The simulation vertical salinity profiles for the calibration event ( Spring tide of 12 June, 1972) at stations B and C (Figure 2, corresponding to Broughty Ferry and Newport along the flow channel) are shown in figure 3. As this figure shows significant variations in the salt concentration throughout the tidal cycle in the water column at these locations are predicted. These profiles are compared with depth average salinities to provide a quantitative measure for the deviation from reality that will result if the salinity changes in the water column is ignored.

The results obtained for the verification event (i.e. neap tide of 20 June, 1972) at stations B and C are shown in figure 4. Despite the significant reduction in water level changes during the neap tide noticeable variations in the vertical salinity profile throughout the tidal cycle is again predicted.

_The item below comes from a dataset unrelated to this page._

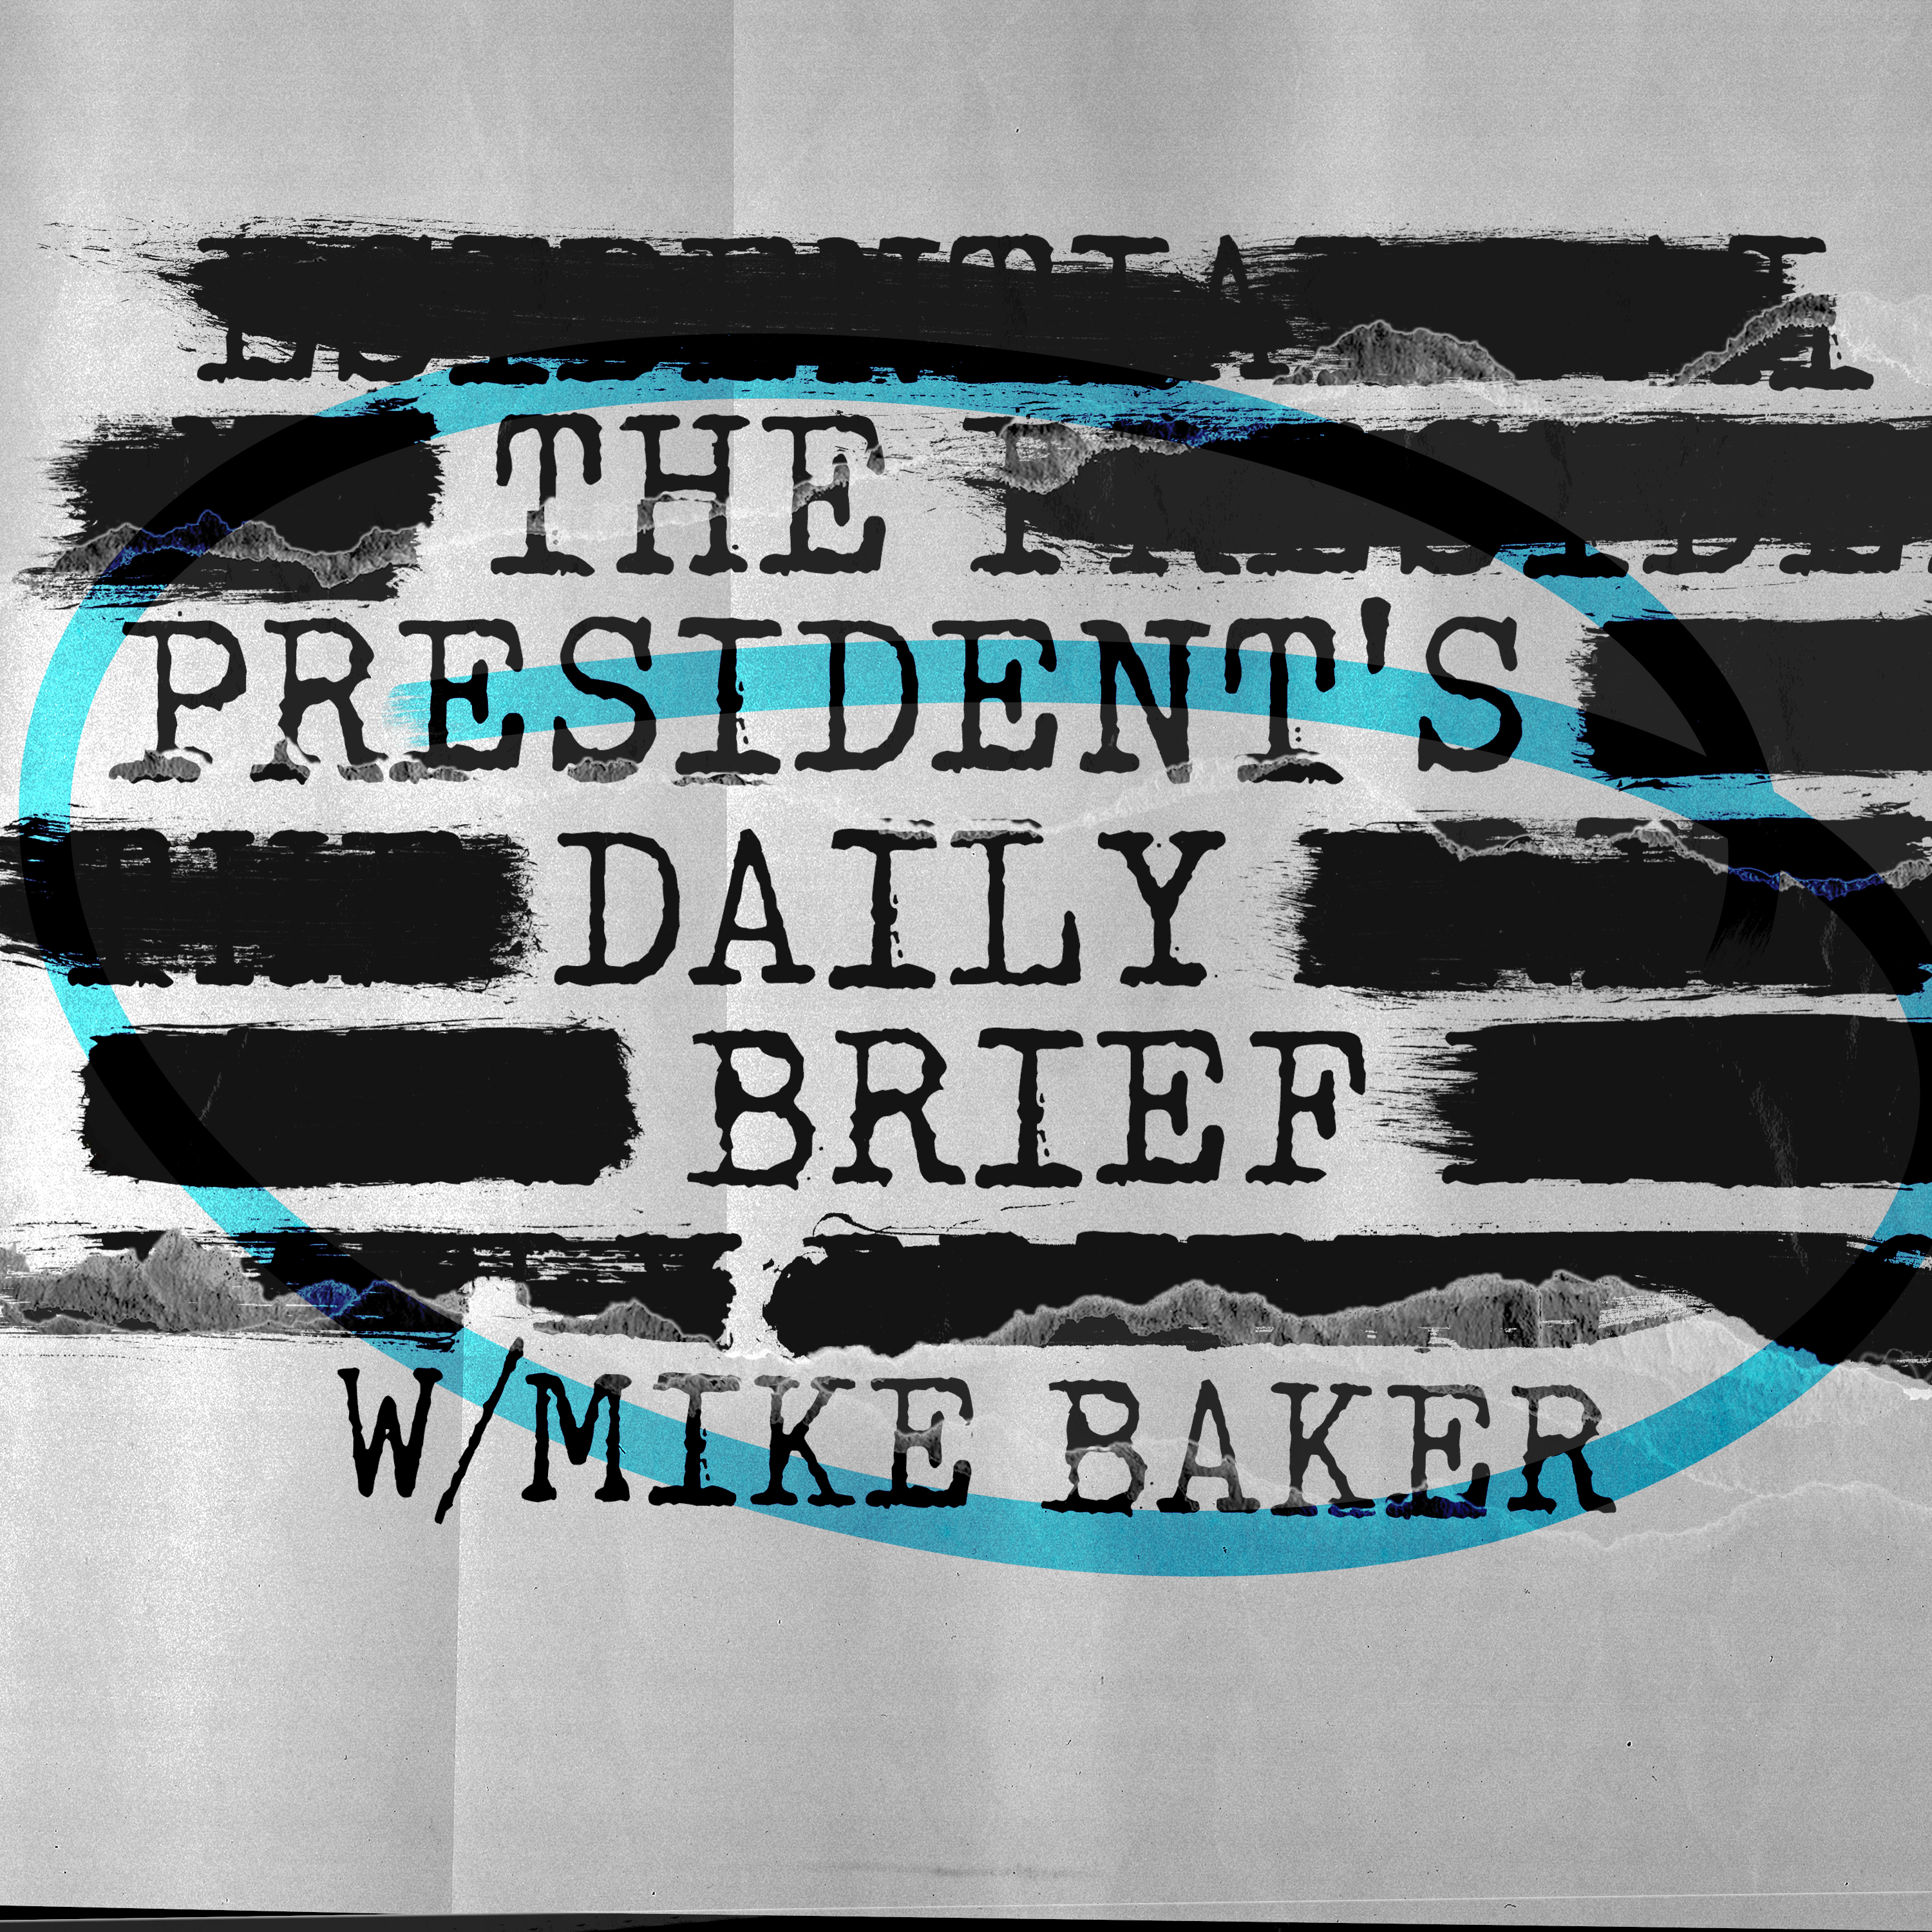 September 28th, 2023: Biden’s Troubles, Fauci’s CIA Mission, and Nazi Ovation Fallout : In this episode of The President’s Daily Brief:Day 1 of Impeachment Inquiry of President Joe Biden takes an unexpected turn. As the controversy surrounding his son, Hunter Biden’s business dealings deepens, Republicans on the House Oversight Committee shed light on hefty funds received by Hunter from Chinese business partners. And the surprise? The beneficiary address on these transactions is Joe Biden’s Delaware home.We delve into shocking allegations that Dr. Anthony Fauci made a clandestine visit to CIA headquarters, with claims suggesting he aimed to "influence" the COVID-19 origins probe. Rep. Brad Wenstrup’s revelations might just rewrite the COVID-19 origin story.Switching gears, we focus on an international story: U.S. Army Pvt. Travis King’s surprising escape to North Korea and his recent return to American hands.In our ’Back of the Brief’ segment, we update you on Canada’s parliament’s controversial standing ovation to a former Nazi soldier. The consequences? A notable resignation and Poland weighing in on the extradition of the 98-year-old ex-SS member.Please remember to subscribe if you enjoyed this episode of The President’s Daily Brief.Email:�PDB@TheFirstTV.comLearn more about your ad choices. Visit megaphone.fm/adchoices

The predicted asymmetry in the salinity profiles between stations B and C and also with respect to time are as expected for a complex estuary such as the Tay.

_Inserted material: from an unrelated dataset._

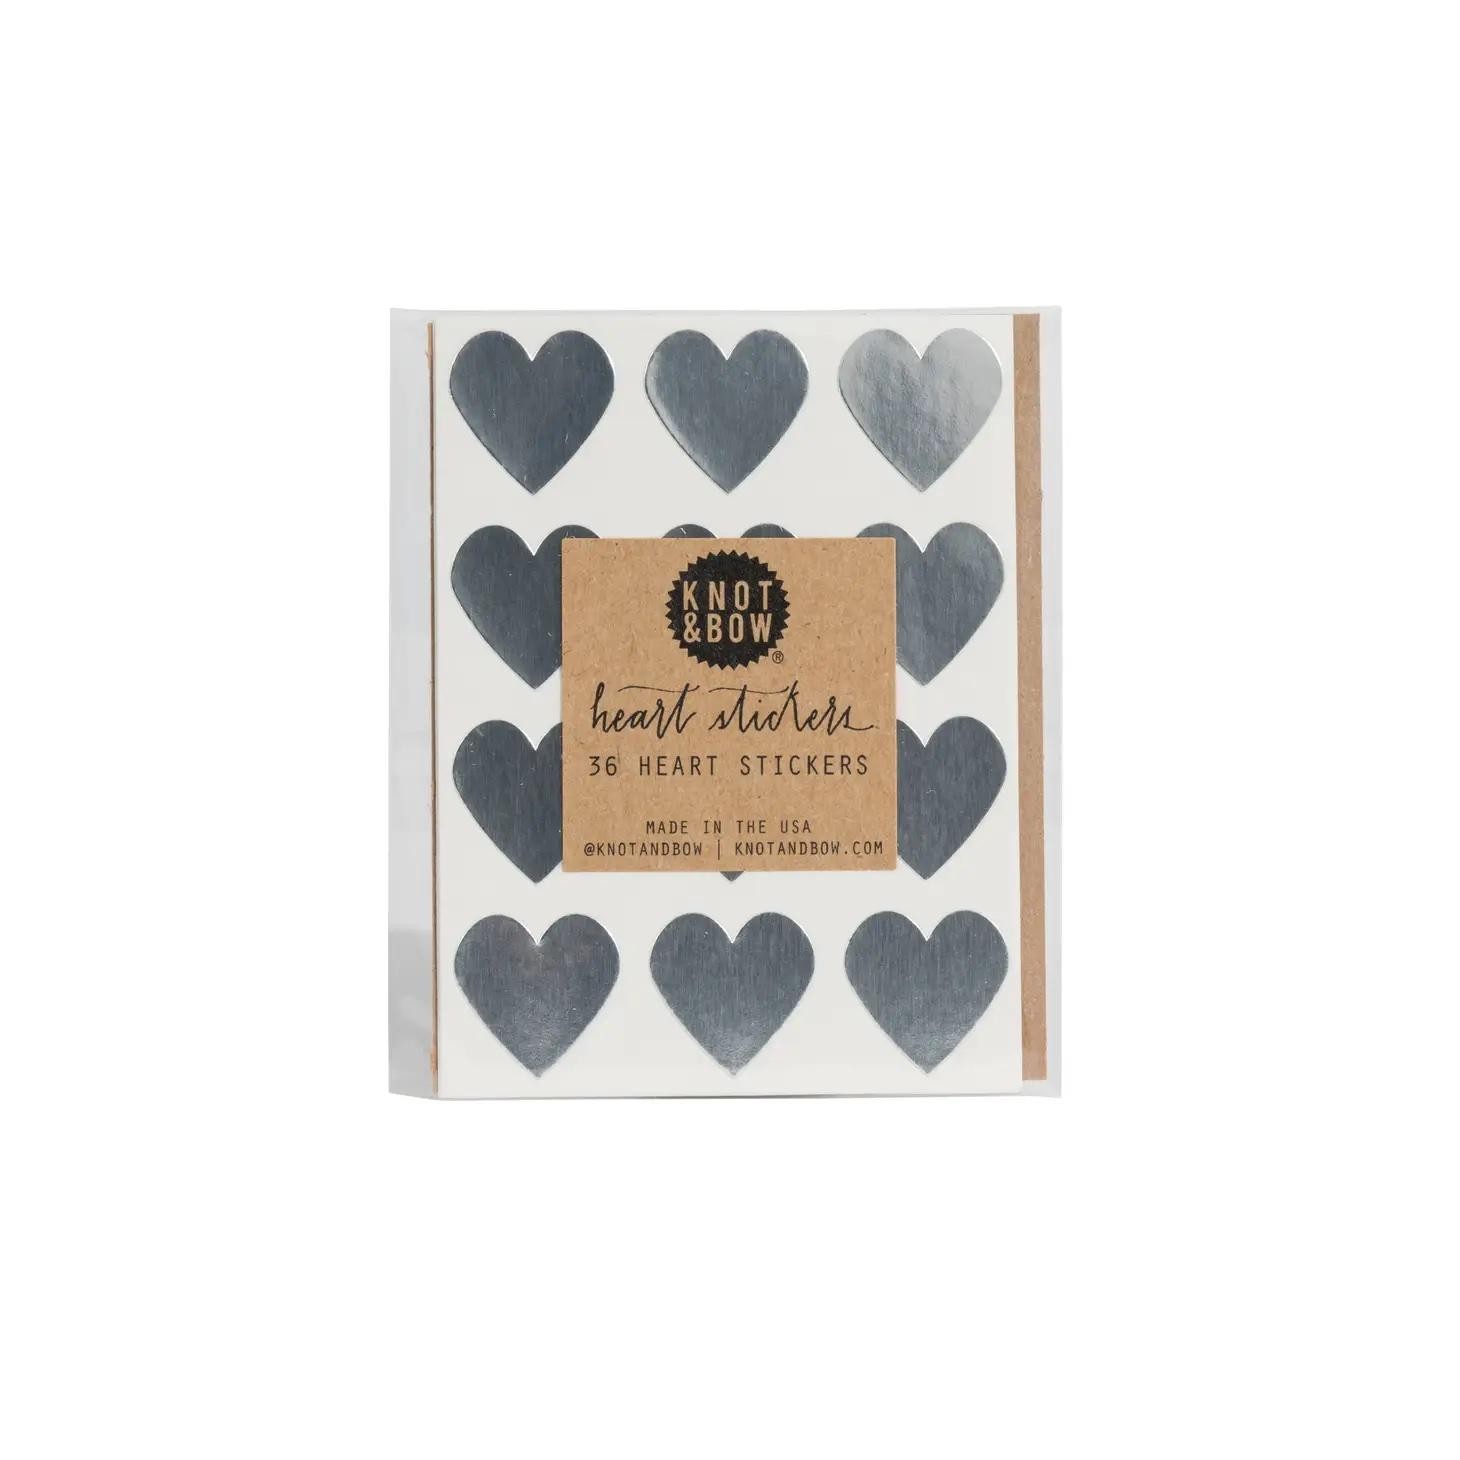 KNO Heart stickers silver

Fig. 3 Salinity Profiles, Spring tide of 12 June 1972

Fig. 4 Salinity Profiles, Neap tide of 20 June 1972

Our numerical experiments showed that to obtain results comparable with those shown in figure 3 and 4 via the use of full 3-D computations, computer CPU time of two order of magnitudes larger than the time used in the present computations is required. It should also be noted that in most cases 3-D computations require parallel processing systems.Therefore another advantage of our method is that useful quantitative results about 3-D dispersion of solutes in tidal water systems can be obtained withoutemploying costly super computers.

5 CONCLUSIONS

The novel modelling approach presented in this paper is shown to yield accurate solute concentration profiles in a water column (i.e. bed to surface direction) in tidal water ways. In this approach full three dimensional computations are avoided and hence the model provides a very cost effective scheme for obtaining results for complex tidal water ways under realistic conditions. Practical problems involving high cost of 3-D computations can be solved by this method. To overcome the complexity of the implementation of the developed multi-stage software and to make it accessible to users who may have a minimal knowledge of mathematical modelling the scheme should be used in conjunction with an information processing tool. The basic structure of the proposed IT system is explained and its application to a realistic case study is presented. The results obtained by the model for the salinity profiles in lower reaches of the Tay estuary reveal detailed information regarding solute concentration variations during a tidal cycle in the water column at selected locations along the estuary. Critical evaluation of the generated results show their theoretical consistency and close comparison with realistically expected data. The developed model is a general tool and can be applied to simulate a variety of hydro-environmental phenomena in complex estuaries and coastal zones.

6 ACKNOWLEDGMENT

The authors wish to thank Engineering and Physical Research Council of UK (EPSRC) and LoughboroughUniversity for PhD studentships, which enabled the development of the model and information processing system described in this work.